Total Workflow for the Sensitive Analysis of Per- and Polyfluoroalkyl Substances (PFAS) in Fish, Meat, Edible Offal, and Eggs

  • Kari L. Organtini
  • Stuart Adams
  • Simon Hird
  • Renata Jandova
  • Waters Corporation

Abstract

Environmental release and contamination of per- and polyfluorinated alkyl substances (PFAS) has resulted in contamination of a variety of food sources. Complex food commodities such as fish, meat, edible offal, and eggs require a comprehensive sample extraction and clean up. To accommodate these types of samples, an alkaline digestion and extraction was implemented followed by Weak Anion Exchange (WAX) SPE to produce a suitable sample for analysis. High sensitivity LC-MS/MS analysis was performed on an ACQUITY UPLC I–Class PLUS coupled to Xevo TQ-XS. The method was evaluated in six different commodity types including salmon, tilapia, ground beef, beef liver, beef kidney, and chicken eggs. This approach proved to be accurate, sensitive, and robust for a range of 30 PFAS compounds of varying chemistry classes to match the challenging concentrations published in reports by the European Food Safety Authority (EFSA) and the US Food and Drug Administration (FDA).

Benefits

  • A single extraction method that can be utilized for a large suite of PFAS from a variety of food matrices
  • Sensitive analysis on the Xevo TQ-XS to detect PFAS at sub-ng/g levels to match the challenging concentrations published in reports by EFSA and FDA
  • Confidence in results with the utilization of the PFAS Kit for LC modification minimize possible system and solvent contaminants to assure accurate results

Introduction

Rising concerns about the long-term impacts of human exposure to per- and polyfluoroalkyl substances (PFAS) have propelled the scope of PFAS analysis from just environmental matrices into the field of food analysis as well. Over the last decade, cases of PFAS contamination being found in foods such as, but not limited to, eggs, milk, chocolate cake, and fast food have become more prominent in the media. To protect the public and understand dietary exposure, analytical methods for the analysis of a large variety of food products are required.

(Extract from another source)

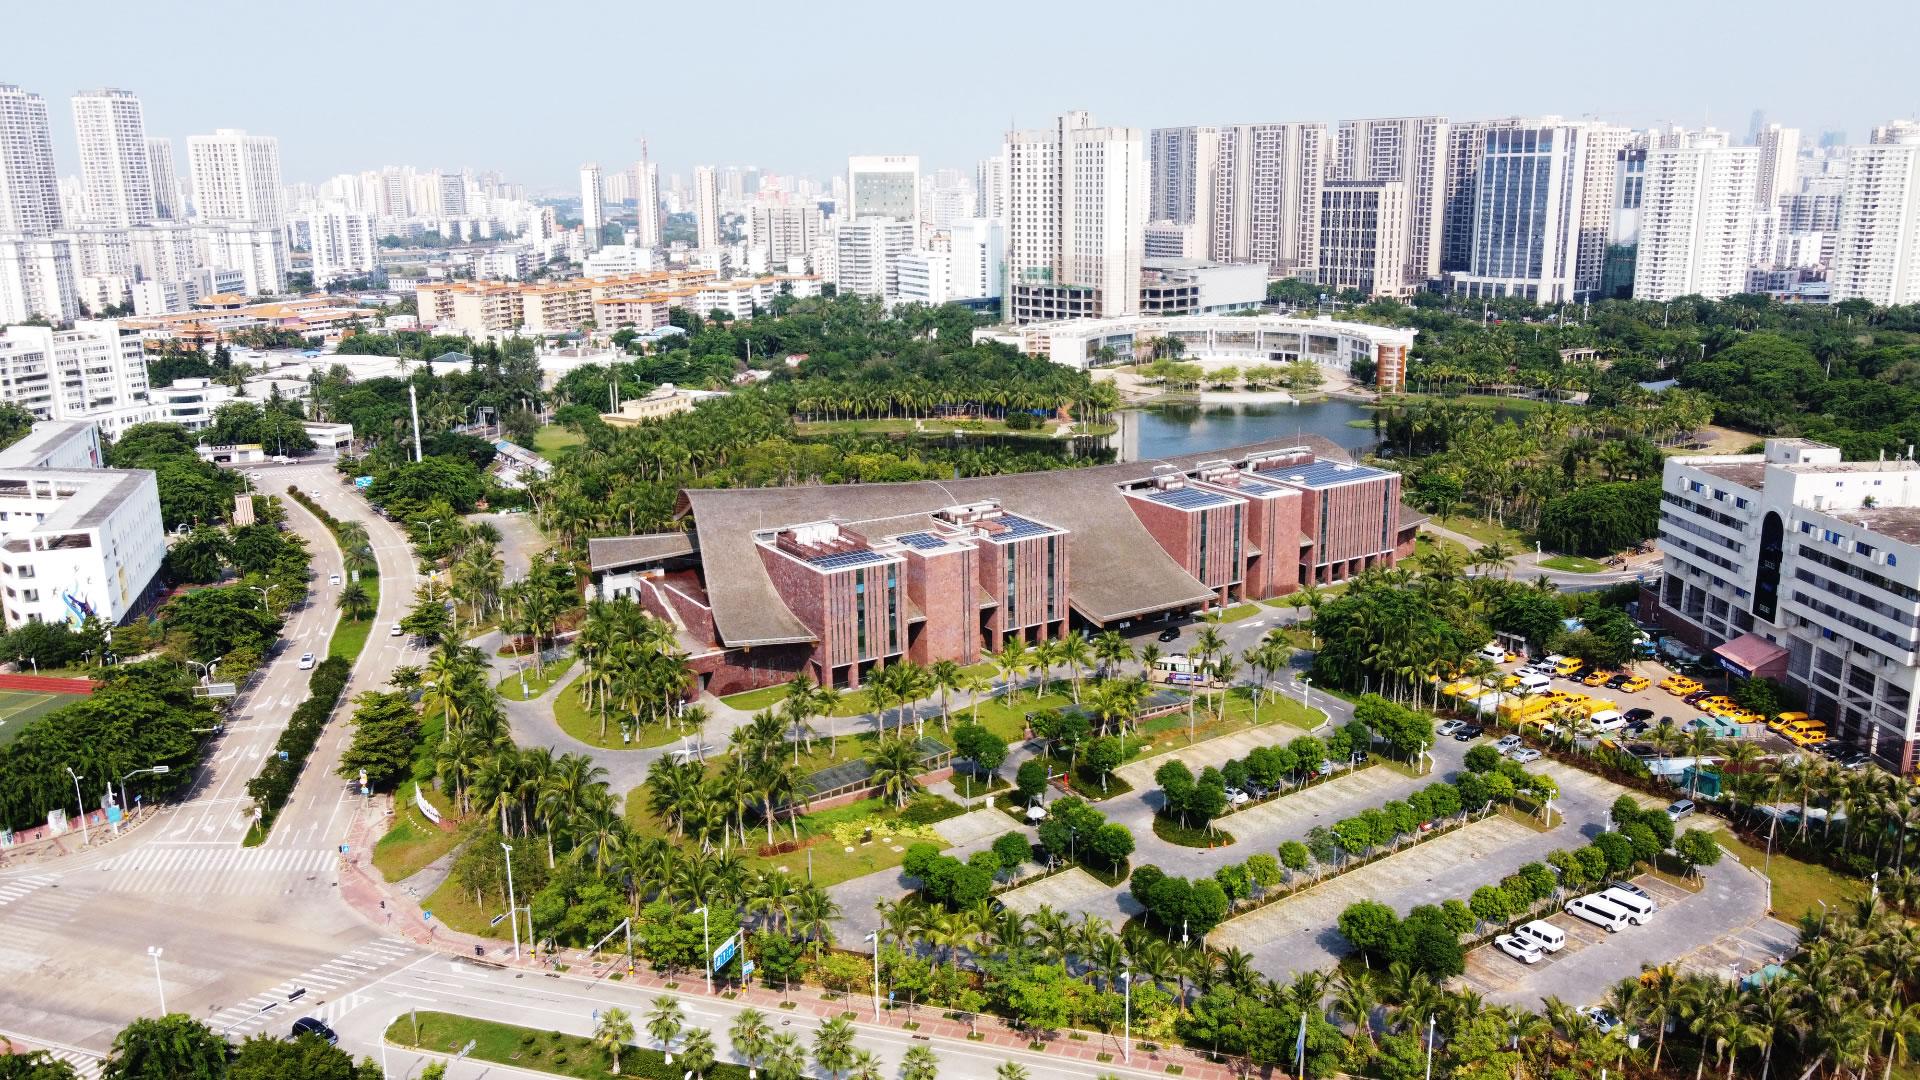 制度集成创新 推动海南自贸港建设

In response, many agencies around the globe have been studying the impact of PFAS in food. The most recent report published in 2020 by the European Food Safety Authority (EFSA) have identified fish, meat, fruit/fruit products, and eggs/egg products to contribute most to human PFAS exposure through diet during the study period of 2007 to 2018.1 From this study, EFSA set a recommended tolerable weekly intake (TWI) of 4.4 ng per kg of body weight for a total of 4 PFAS: PFOA, PFNA, PFHxS, and PFOS.

Among food derived from animal origin, the EFSA study found the mean concentration of PFAS identified varied by sample type. PFOA, PFNA, PFHxS, and PFOS were found in livestock and wild game meats in the range of 0.02–1.59 ng/g, in farm raised edible offal in the range of 0.087–1.18 ng/g, in salmon and trout in the range of 0.003–0.83 ng/g and in eggs and egg products in the range of 0.06–0.35 ng/g. The median detected concentration in all sample types considered was 0.32 ng/g. In addition to the EFSA study, the FDA monitor contaminants, including PFAS, in highly consumed foods in their Total Diet Study (TDS).2 In the most recent study from 2019, the TDS reported a finding of 0.087 ng/g PFOS in tilapia. These studies and reports provide evidence for the sensitivity required in a method suitable to analyze these types of samples.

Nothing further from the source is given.